Beginning in January, the State of West Virginia implemented licenses for harm reduction programs to legally provide syringes. A requirement of the new law is that the county commission and the city council where syringes are to be dispensed must supply a letter of agreement for the program.
If Kingwood doesn’t provide a letter of support and the Preston County Commission does, Health Right cannot hold the program in Kingwood but must look for a different location.
Laura Jones, executive director of Milan Puskar Health Right and V.J. Davis, director of the Preston County Health Department, provided information about the new law and the program to council members at their Tuesday evening meeting.
Jones said the new law requires each person to return syringes in order to receive the same number each month. If no syringes are returned, no syringes are given. West Virginia identification is required that includes the client’s name and address as proof of residence in the state. The client has to be present to pick up syringes and drop off used ones.
Jones said the Preston County program was in place from August 2018 through December 2021. She said during that time 34 clients signed up for the program, 151 client visits were made to the site, 111 Naloxone kits were given out, 3,110 syringes were returned, and 26 clients were tested for HIV and HCV.
Jones did not have the number of syringes dispensed. She said a client can get up to 100 needles.
Jones said the program requires participants to answer questions each time they are seen. The questions include whether they are ready for treatment and if so, she said, an immediate referral is made. She said participants receive educational materials about how to reduce harm that comes from injecting drugs.
Jones said the needle exchange program helps keep cases of HIV and Hepatitis C from being spread by sharing needles.
“Most people addicted will not stop cold turkey until you can convince them to stop. It feels like you are going to die,” she said.
Jones said there is a county risk list for HIV and Hepatitis C. McDowell is No. 1 on the list and Preston County is No. 14.
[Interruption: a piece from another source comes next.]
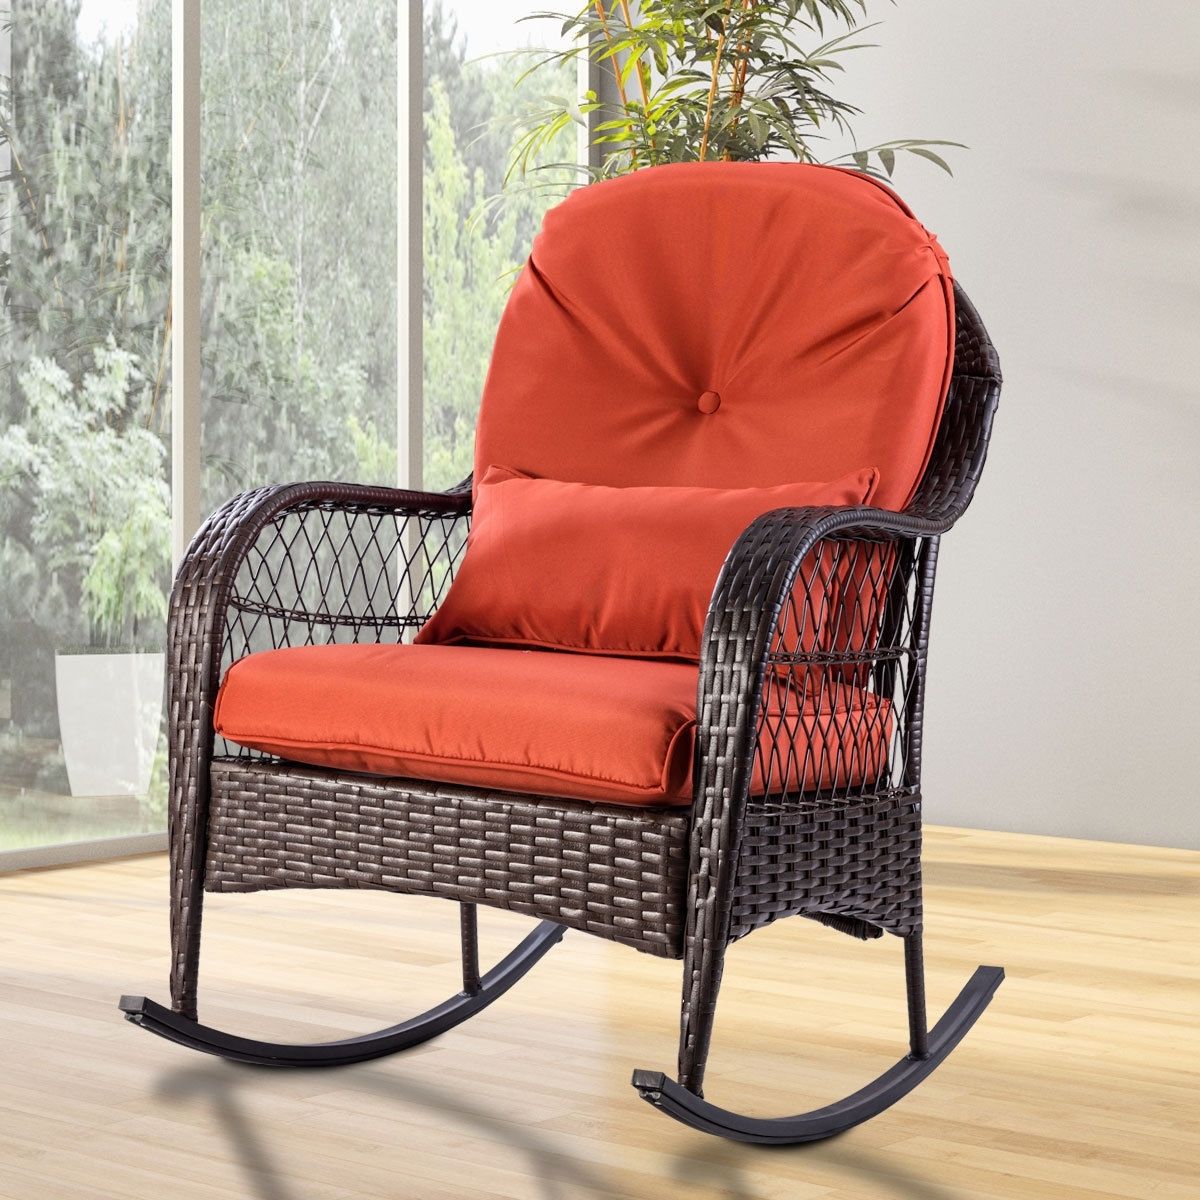 15 Ideas of Padded Patio Rocking Chairs

Councilman Michael Lipscomb said the program sounds like it worries more about people who are addicted than it does about people who are at risk due to discarded needles laying around.
“I spent hours a day at Brown Park picking up needles,” Parks and Recreation Director Kevin Stiles said.
“We can’t get people to throw the needles in a garbage can. It’s (needle exchange) not worth doing if you can’t guarantee needles will not be found on play yards,” Councilman Josh Fields said. “You give me 20 needles and I bring back 18 and you give me 18 more and there is still two floating around out there.”
Former Kingwood Police Chief Charlie Haney said people used to call him because they found needles on their property.
“They were scared to death it was so bad — and I would be back there (to their homes) the next day. I’d get calls from the school, churches and from people who had people sleeping on their porches and looking in their windows. They all (people sleeping on porches) have IDs and addresses, but when they get on this stuff, they get violent and are not allowed to be there (at home). We had transients who would come here on the bus for a few days and leave.”
Mayor Jean Guillot said, “I had someone sleeping on the porch of the Inn.”
Councilman Bill Robertson said he’d like to support the program, but can’t.
“How does this program make Kingwood a better place to raise a family?” Fields asked. “I don’t believe this program is in the best interest of Kingwood.”
Council tabled the decision on the letter of support until its next meeting, which is 7 p.m. March 8.